In French, the word for prepared food, ‘cuisine’, is the same as the word for the room where that is done. Which goes to the heart of the matter. We tend to presume that the kitchen is a rationalized, functional, and straightforward place.
In contrast, we know the bedroom is complicated. We realize the bathroom is very personal. The dining room is the venue for intercultural dialogue. We don’t really know what the living room is for, so we have ceded it to the television. But the kitchen serves just one clear and present danger. There we mobilize our best technology and loyal diligence to efficiently subdue the lurking menace of hunger.
Except… The kitchen is also… a place of both solitude and sociality, labor and pleasure, fragility and intimacy. It’s the place where mother’s ghost lingers in imperatives and gestures and recipes. It’s a place where we continue to experiment and learn long after most of our life practices have hardened. It’s a place of grounding rituals of care and of contemplation over busy hands. It’s full of ecstasy, guilt, machines, lists, planning, rubberbands, and dirty sponges. Everything is rotting at different paces, and we try not to break the last of grandmother’s plates.
This book is about designing and redesigning our kitchens with attention to all of this. As a sociologist, I learned to observe before I theorize.

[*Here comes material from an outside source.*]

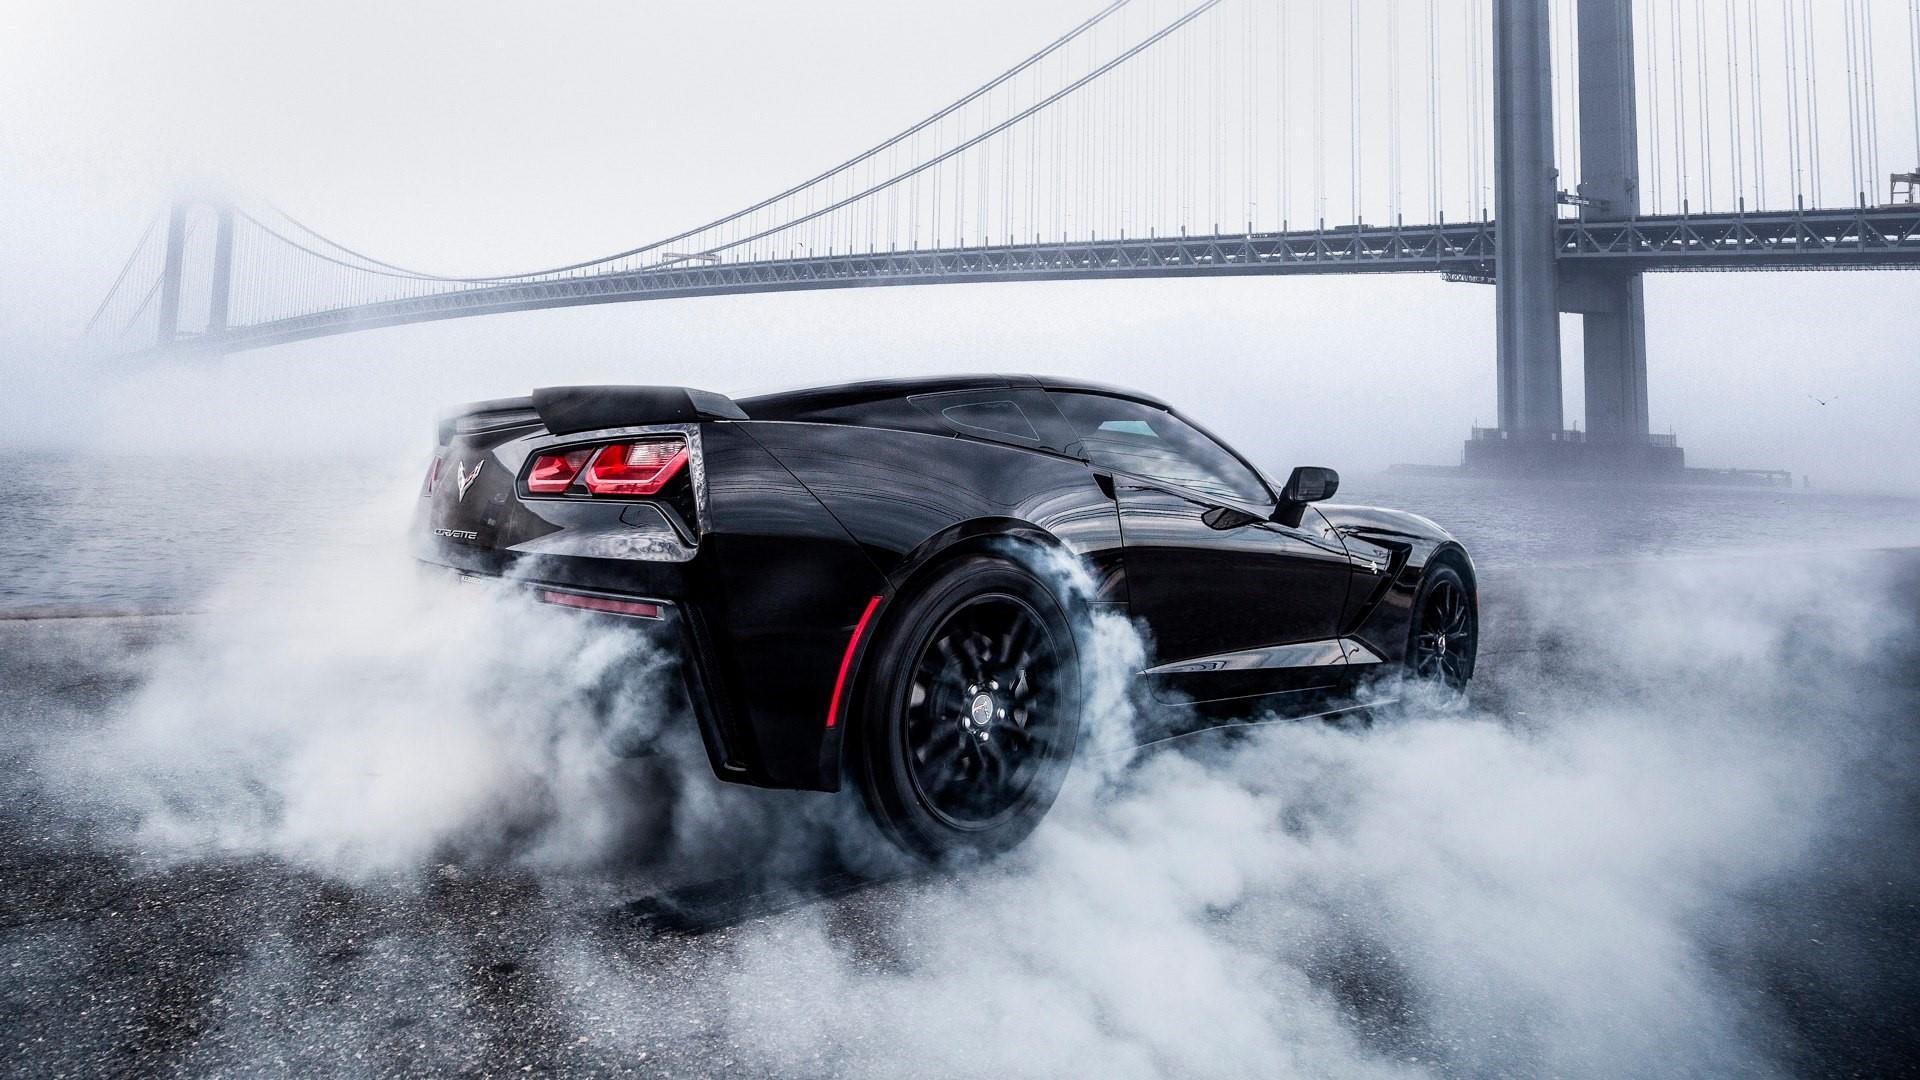 Corvette Wallpapers   Top Corvette Backgrounds   WallpaperAccess 1920x1080

As an entrepreneur, I seek agency in every aspect of every situation. As an artist, I know the greatest pleasure and satisfaction exude from manifesting my insights.
Everyday design is a space of creativity available to everyone. Good design is about learning to optimize the interactions between space, action, objects, and delight. My own observations described in this book serve as models for learning to observe what you may for now take for granted. Design also requires analyzing crashes, arguments, and experiments. This is a psychic as well as physical remodeling project. It proposes that we consider the kitchen as both crucible and pleasure-boat.